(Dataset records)
━━━━

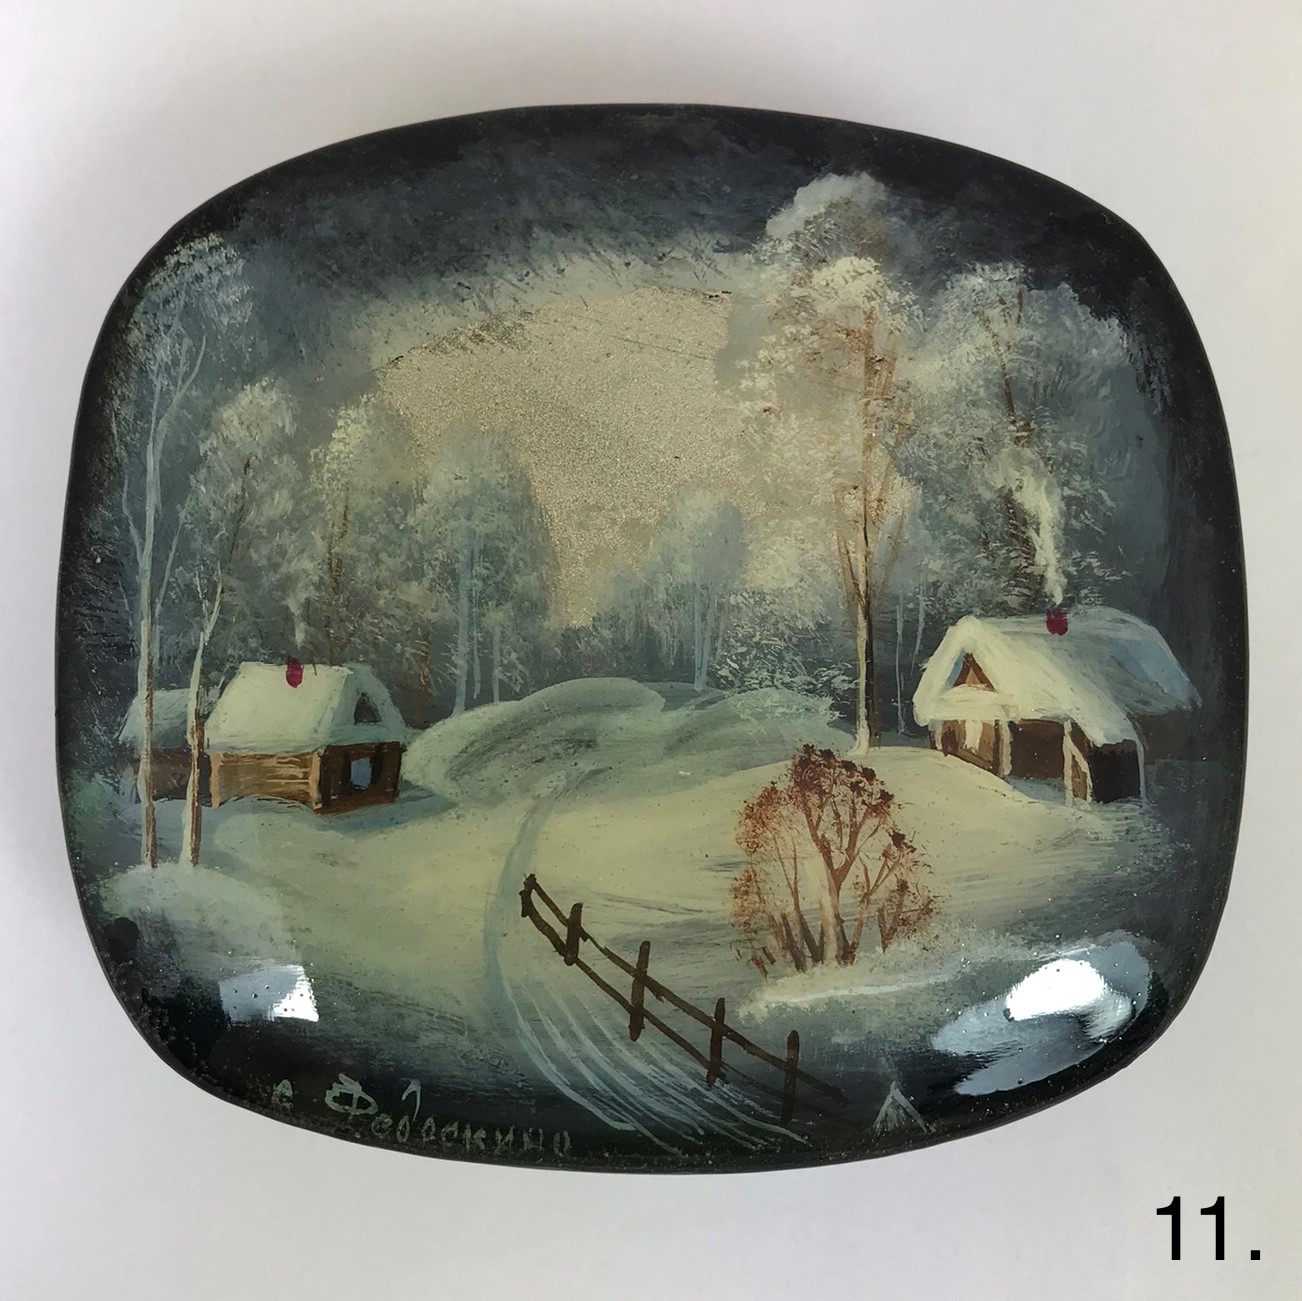 Лаковая миниатюра Федоскино, шкатулка "Зима" автор Л.Молодцов 90х80х30 мм
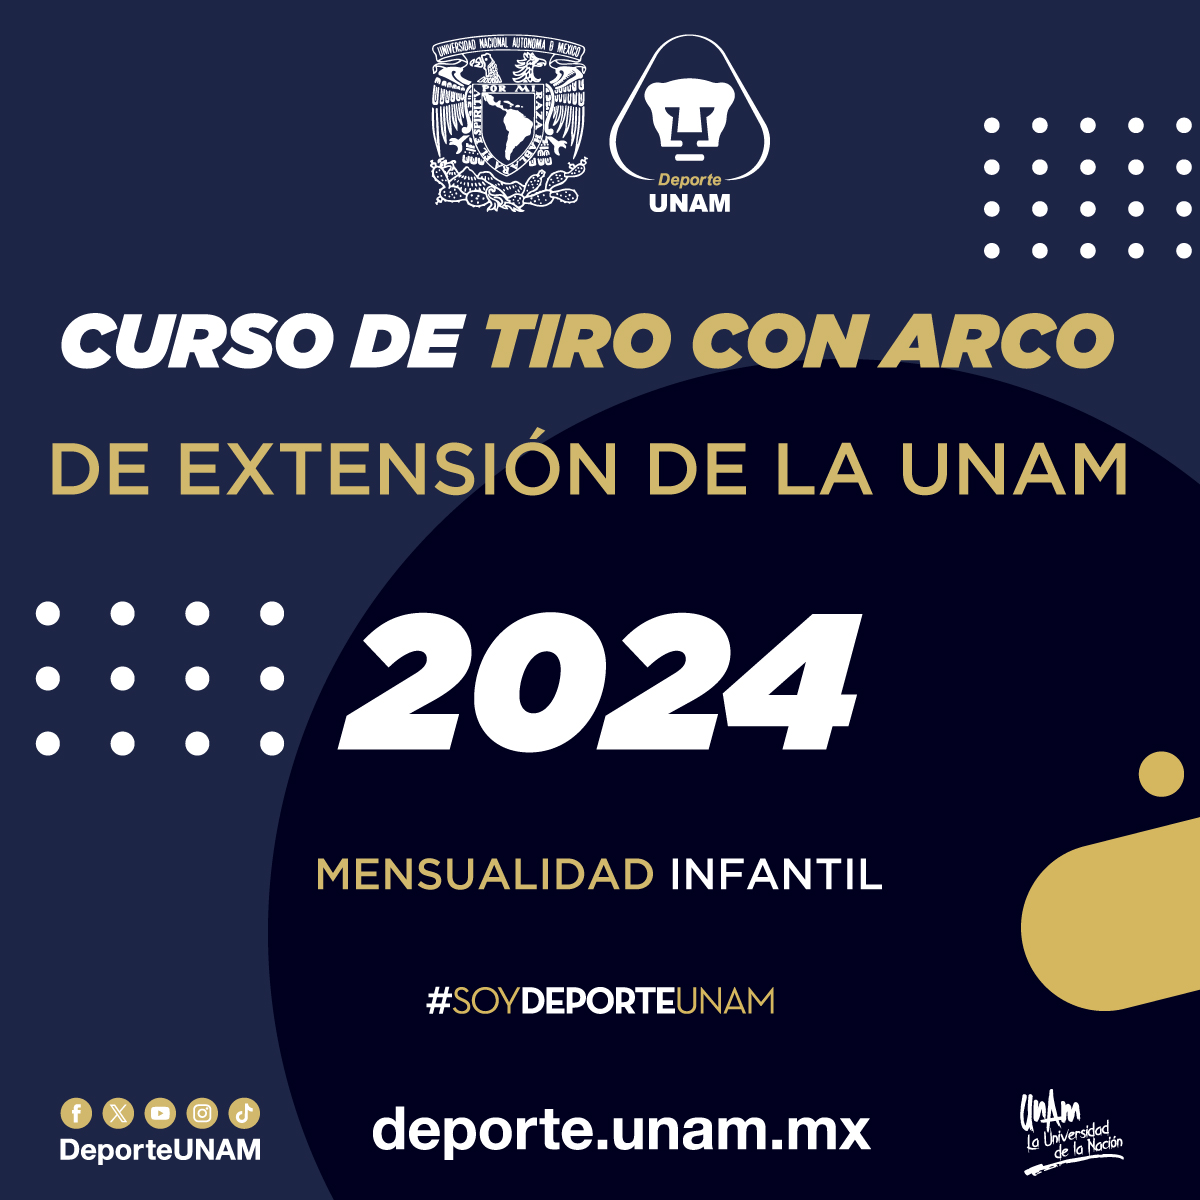 CURSO DE TIRO CON ARCO DE EXTENSIÓN DE LA UNAM 2024 MENSUALIDAD INFANTIL
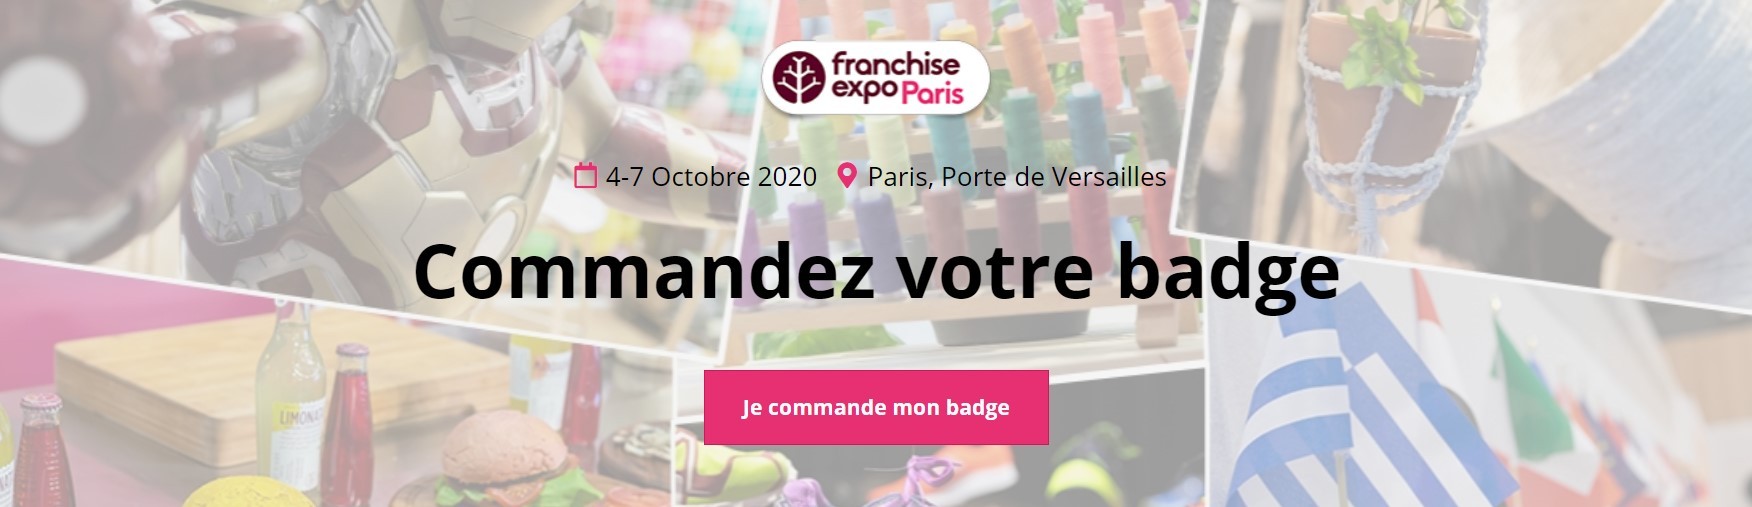 Franchise Expo Paris 2020 badge 
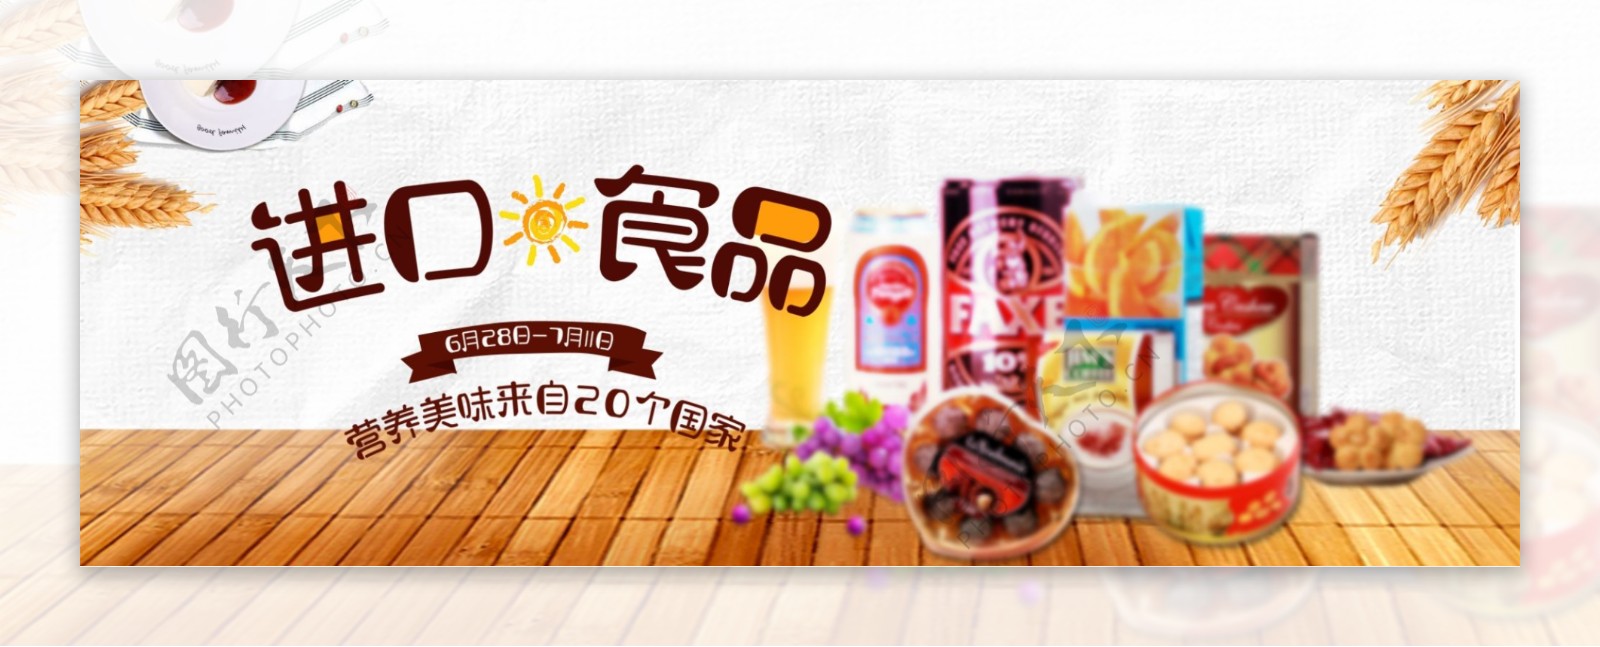 清新木地板零食进口食品淘宝banner海报
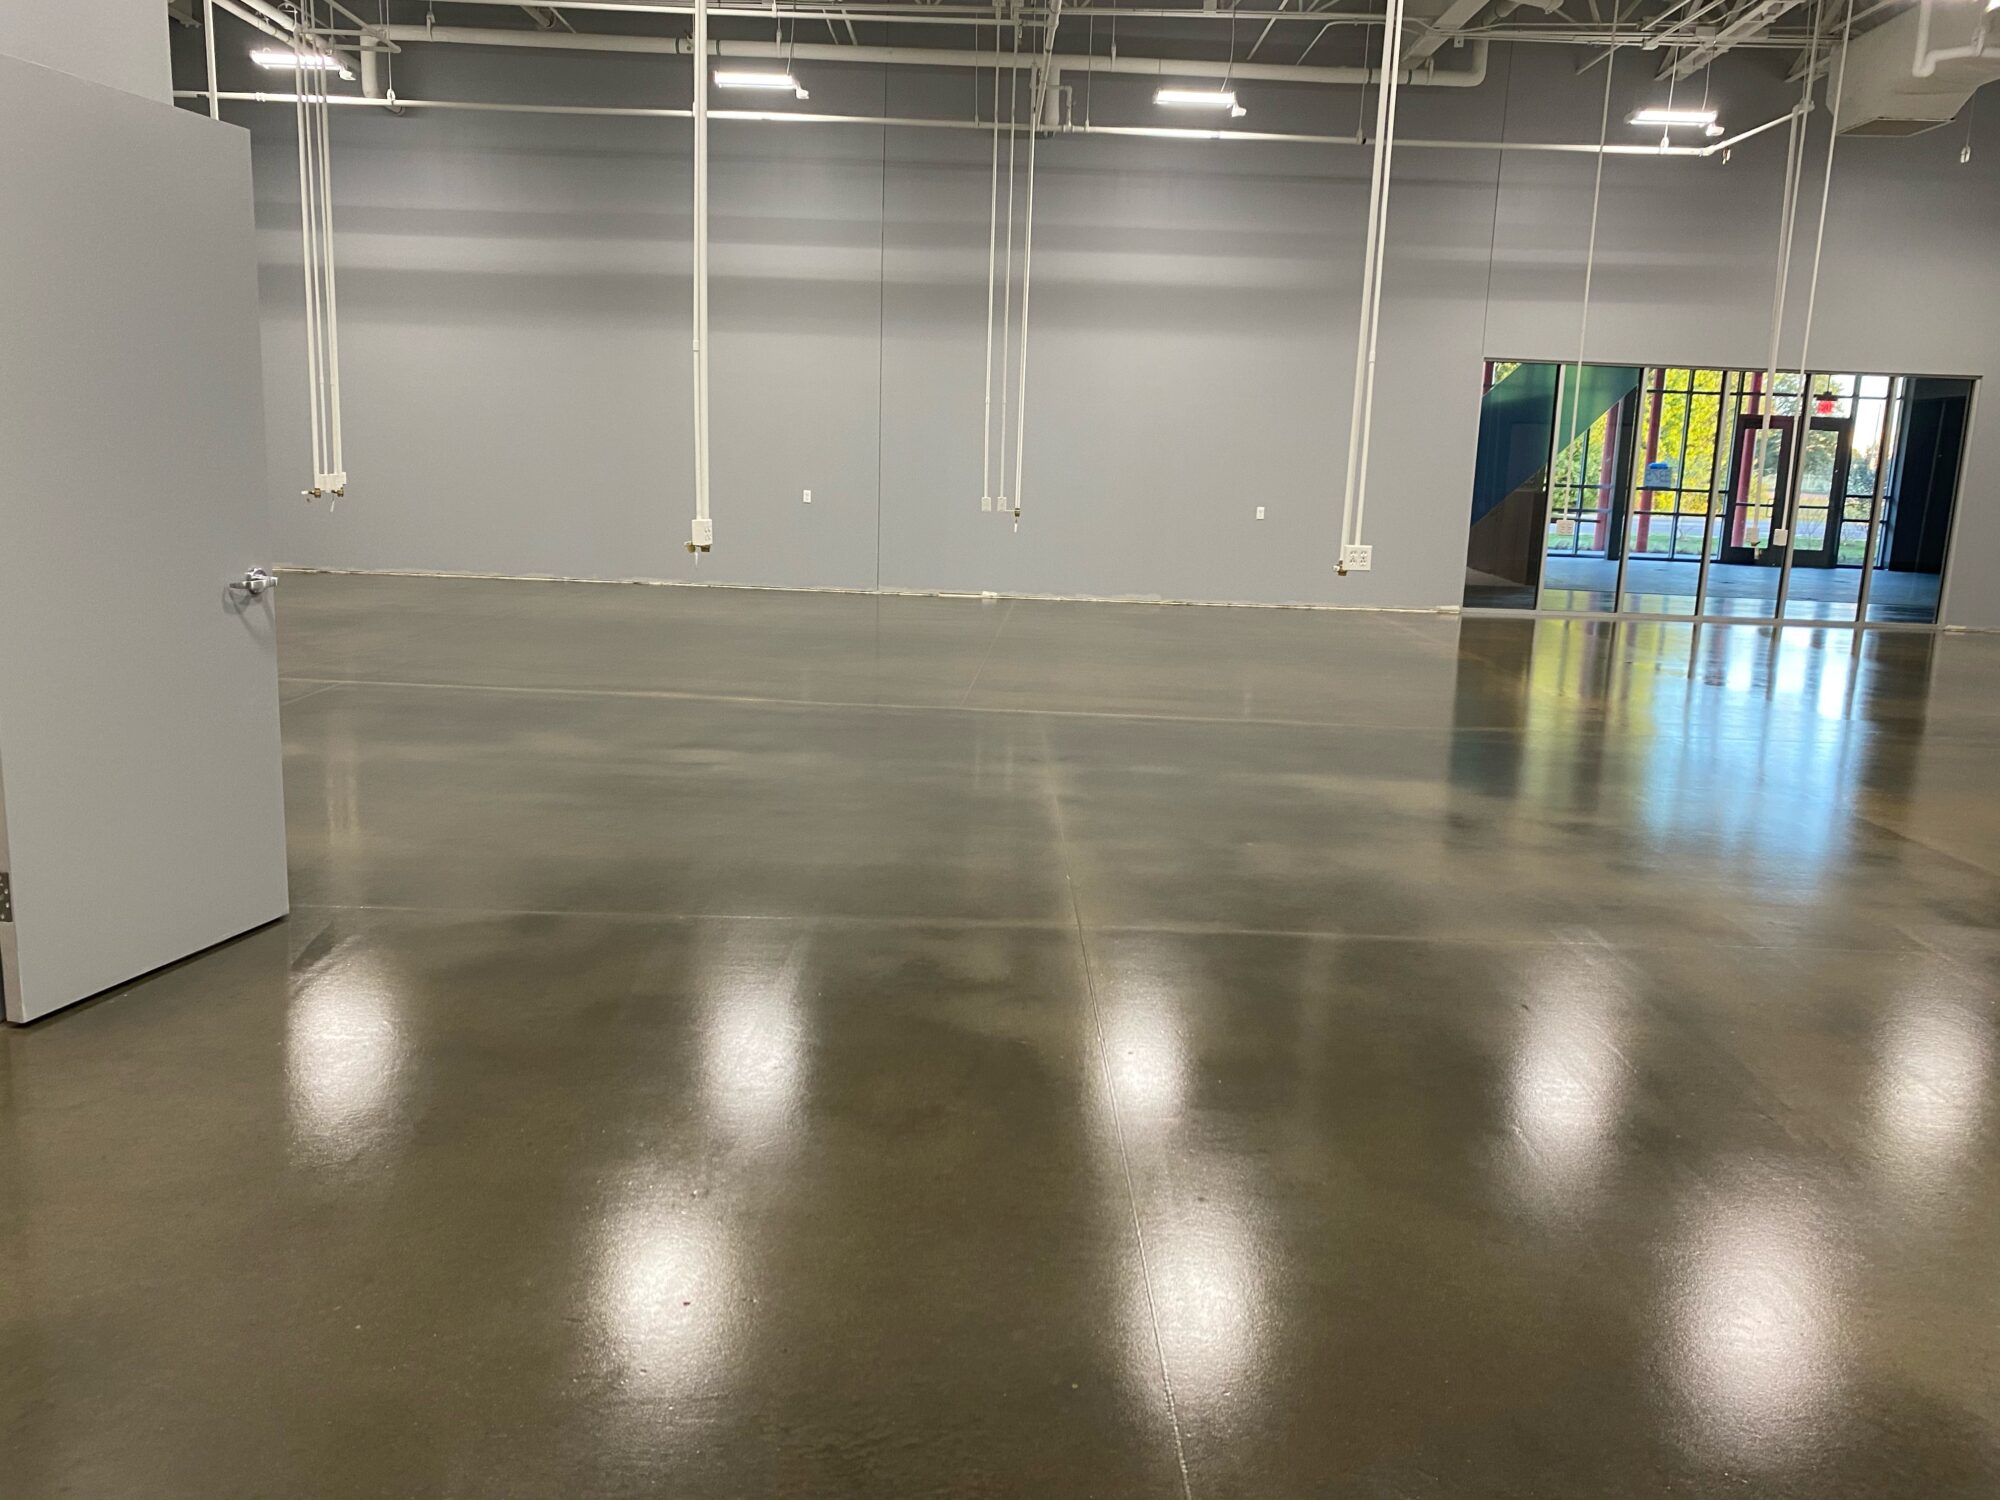 Concrete floor coatings, epoxy floor coatings, epoxy coatings, Industrial Applications Inc, TeamIA, epoxy floor coating, educational center flooring, educational epoxy flooring

━━━━

Requirement. Rewrite the data above exactly as given, but omit the images.

Solution to this task.
 Лаковая миниатюра Федоскино, шкатулка "Зима" автор Л.Молодцов 90х80х30 мм
 CURSO DE TIRO CON ARCO DE EXTENSIÓN DE LA UNAM 2024 MENSUALIDAD INFANTIL
 Franchise Expo Paris 2020 badge 
 清新木地板零食进口食品淘宝banner海报
 Concrete floor coatings, epoxy floor coatings, epoxy coatings, Industrial Applications Inc, TeamIA, epoxy floor coating, educational center flooring, educational epoxy flooring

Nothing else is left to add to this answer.